> What to work on
Print the listing below verbatim, passing over each picture.

> Supplied data
━━━━━━━━━━
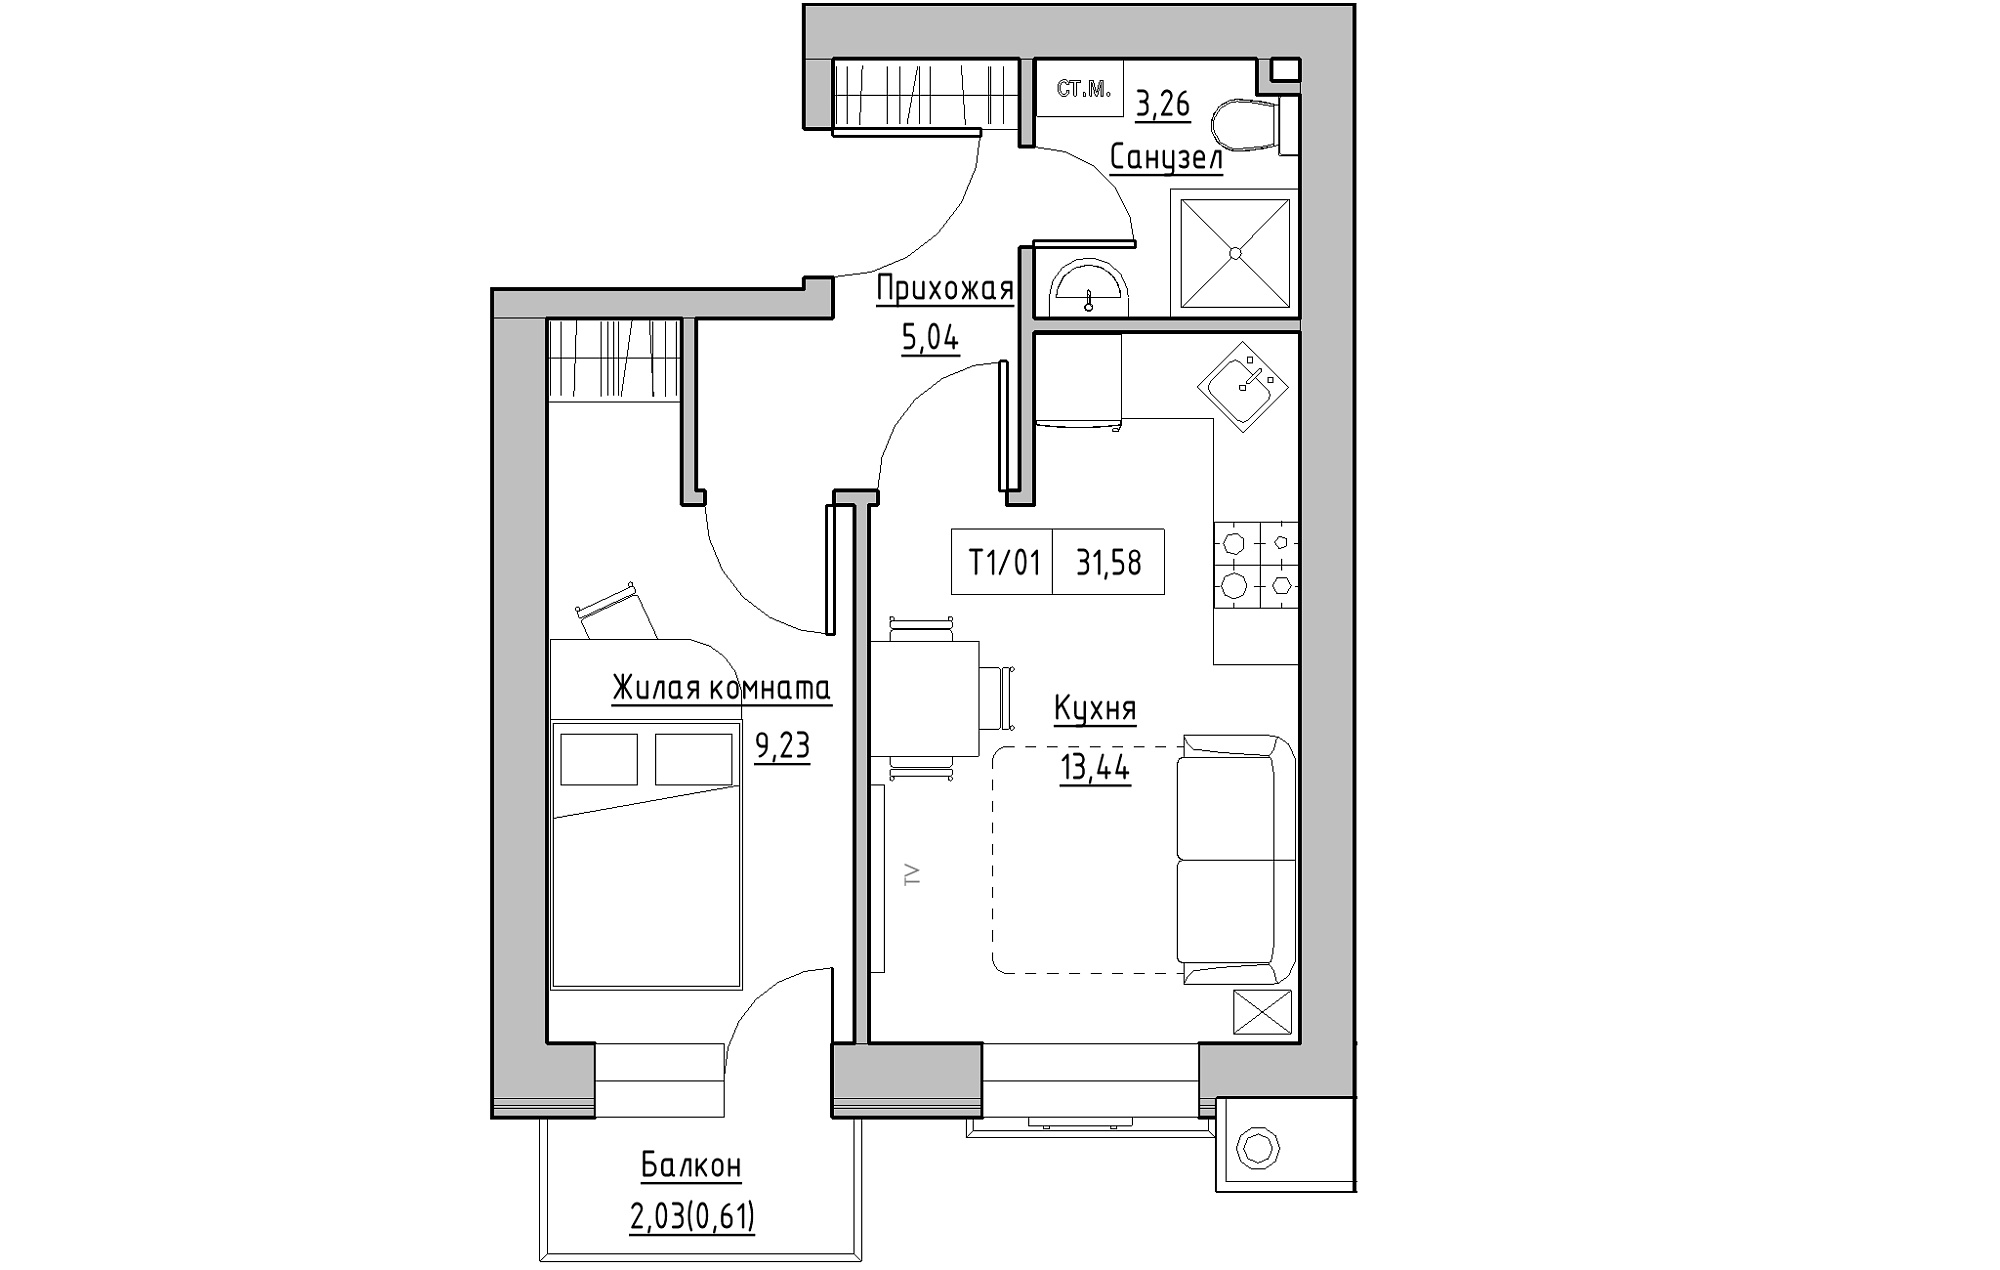 Планування 1-к квартира площею 31.58м2, KS-013-04/0011.
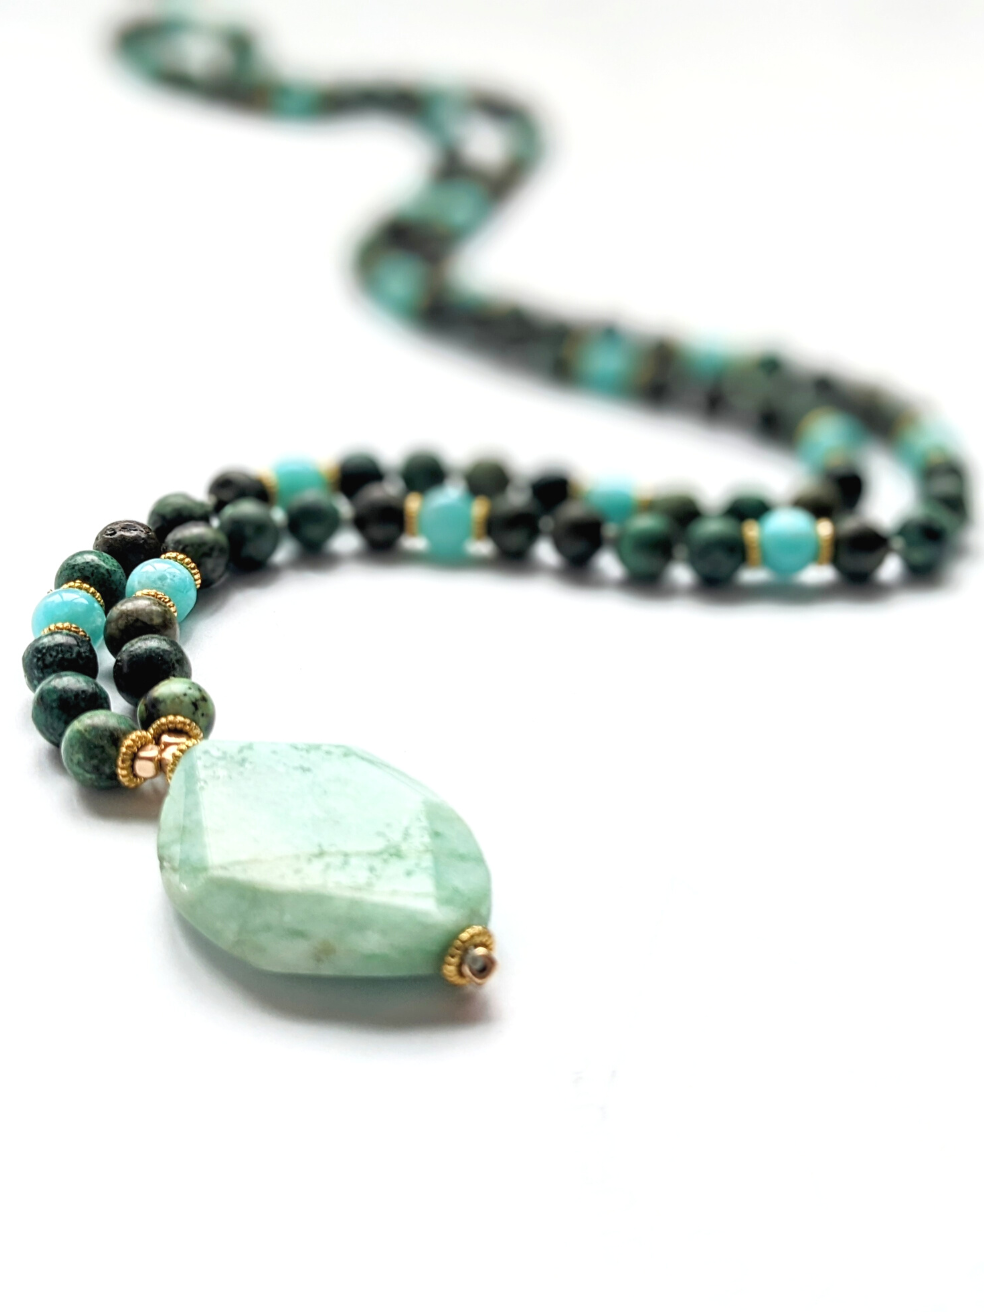 Healing Mala Necklace - Amazonite Stone & African Turquoise
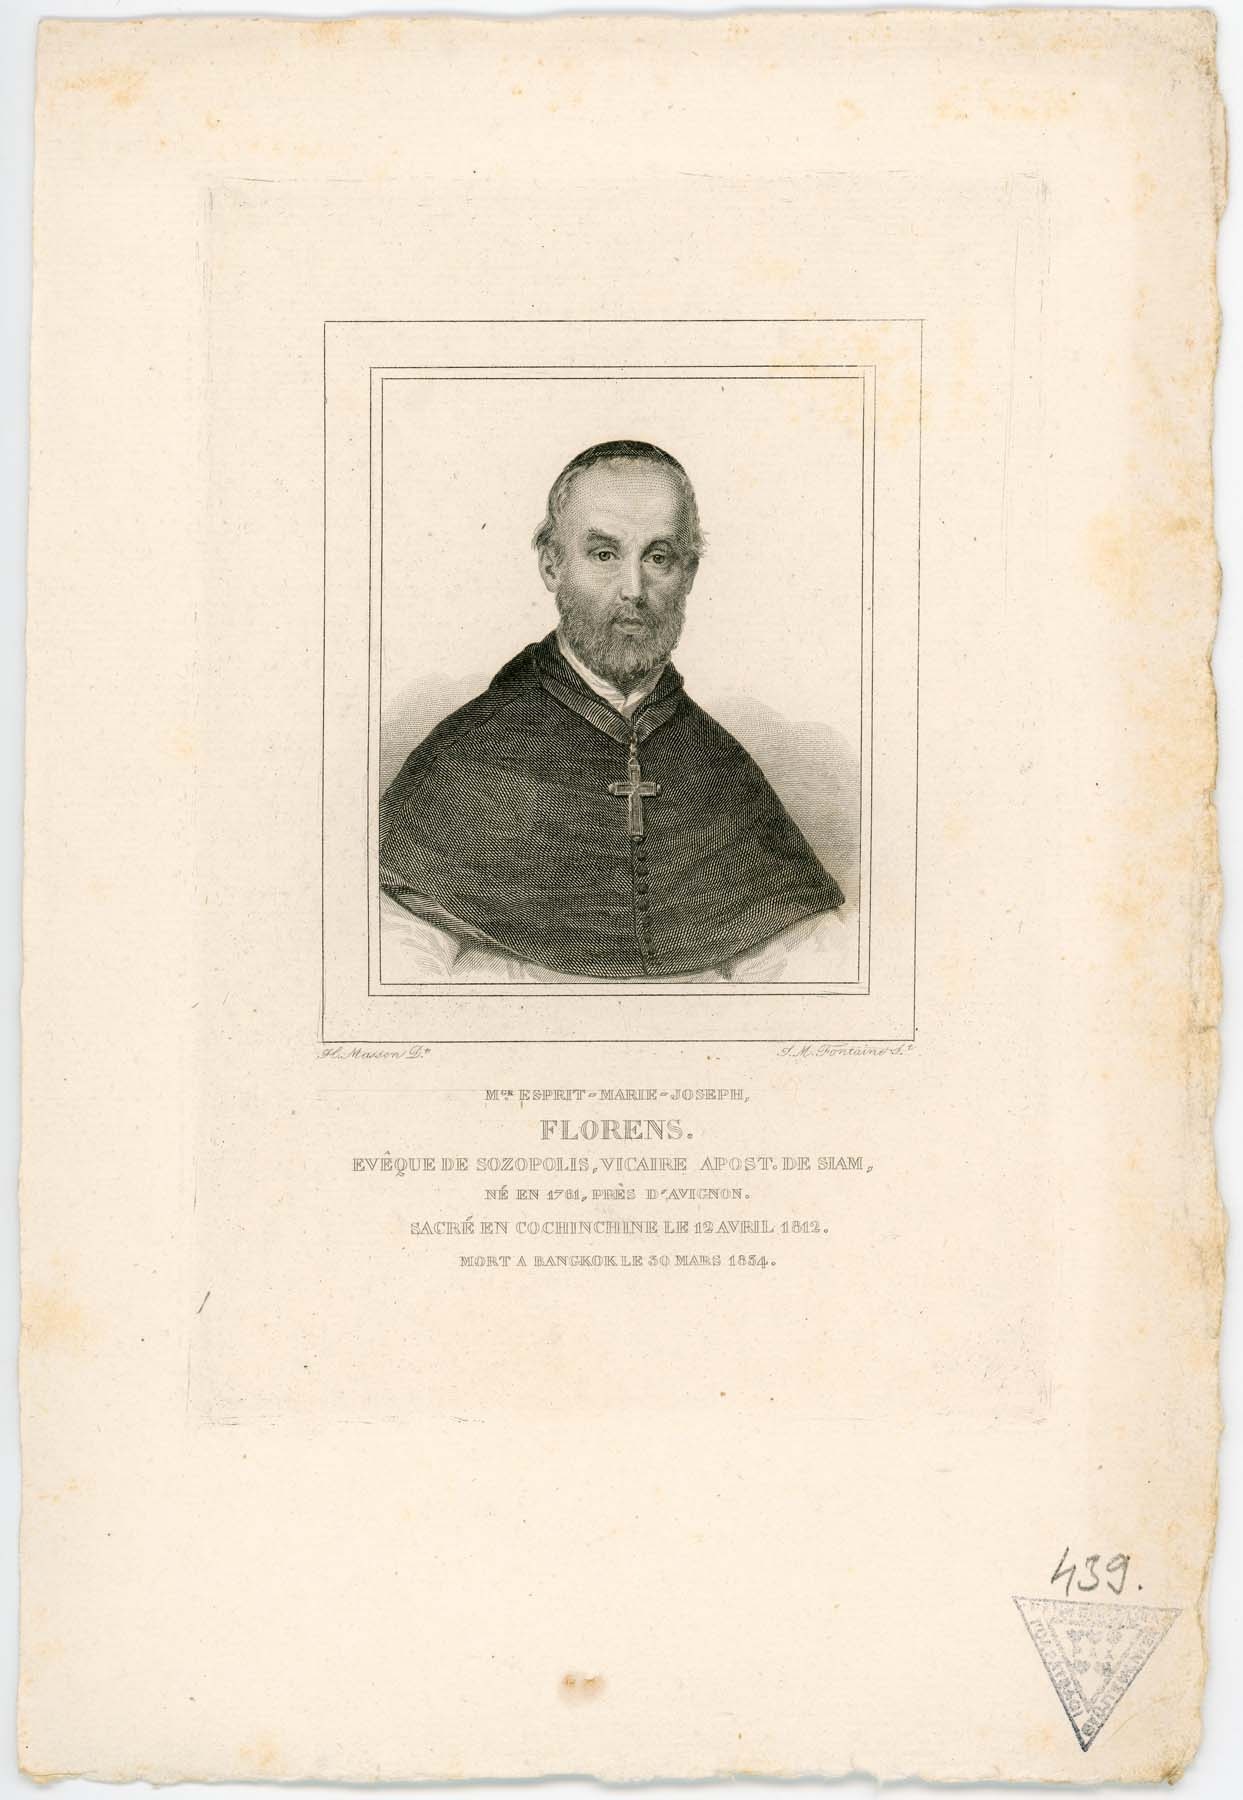 Espirit-Marie-Joseph Florens sozopolisi püspök 1761-1834 (Pannonhalma Főapátsági Múzeum CC BY-NC-SA)
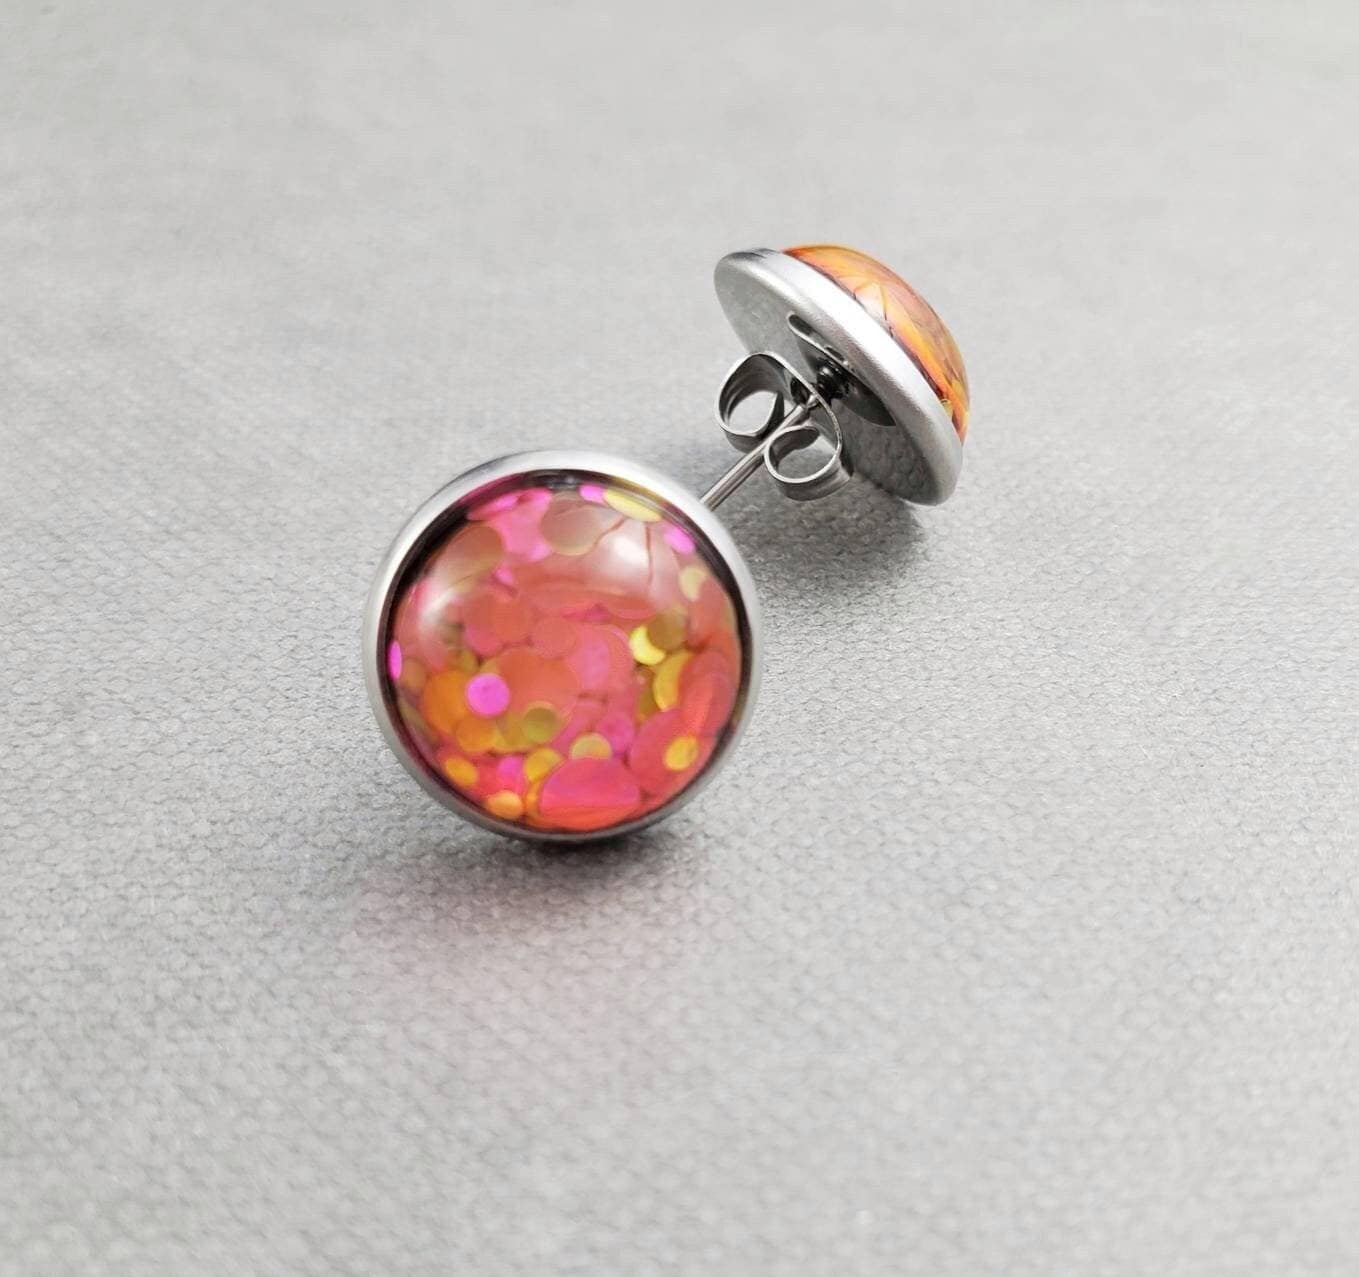 Pink Glitter Stainless Steel Stud Earrings, Handmade Jewelry by MichelleAnnJewelry
━━━━━━━━━━
> Problem solution
 Планування 1-к квартира площею 31.58м2, KS-013-04/0011.
 Healing Mala Necklace - Amazonite Stone & African Turquoise
 Espirit-Marie-Joseph Florens sozopolisi püspök 1761-1834 (Pannonhalma Főapátsági Múzeum CC BY-NC-SA)
 Pink Glitter Stainless Steel Stud Earrings, Handmade Jewelry by MichelleAnnJewelry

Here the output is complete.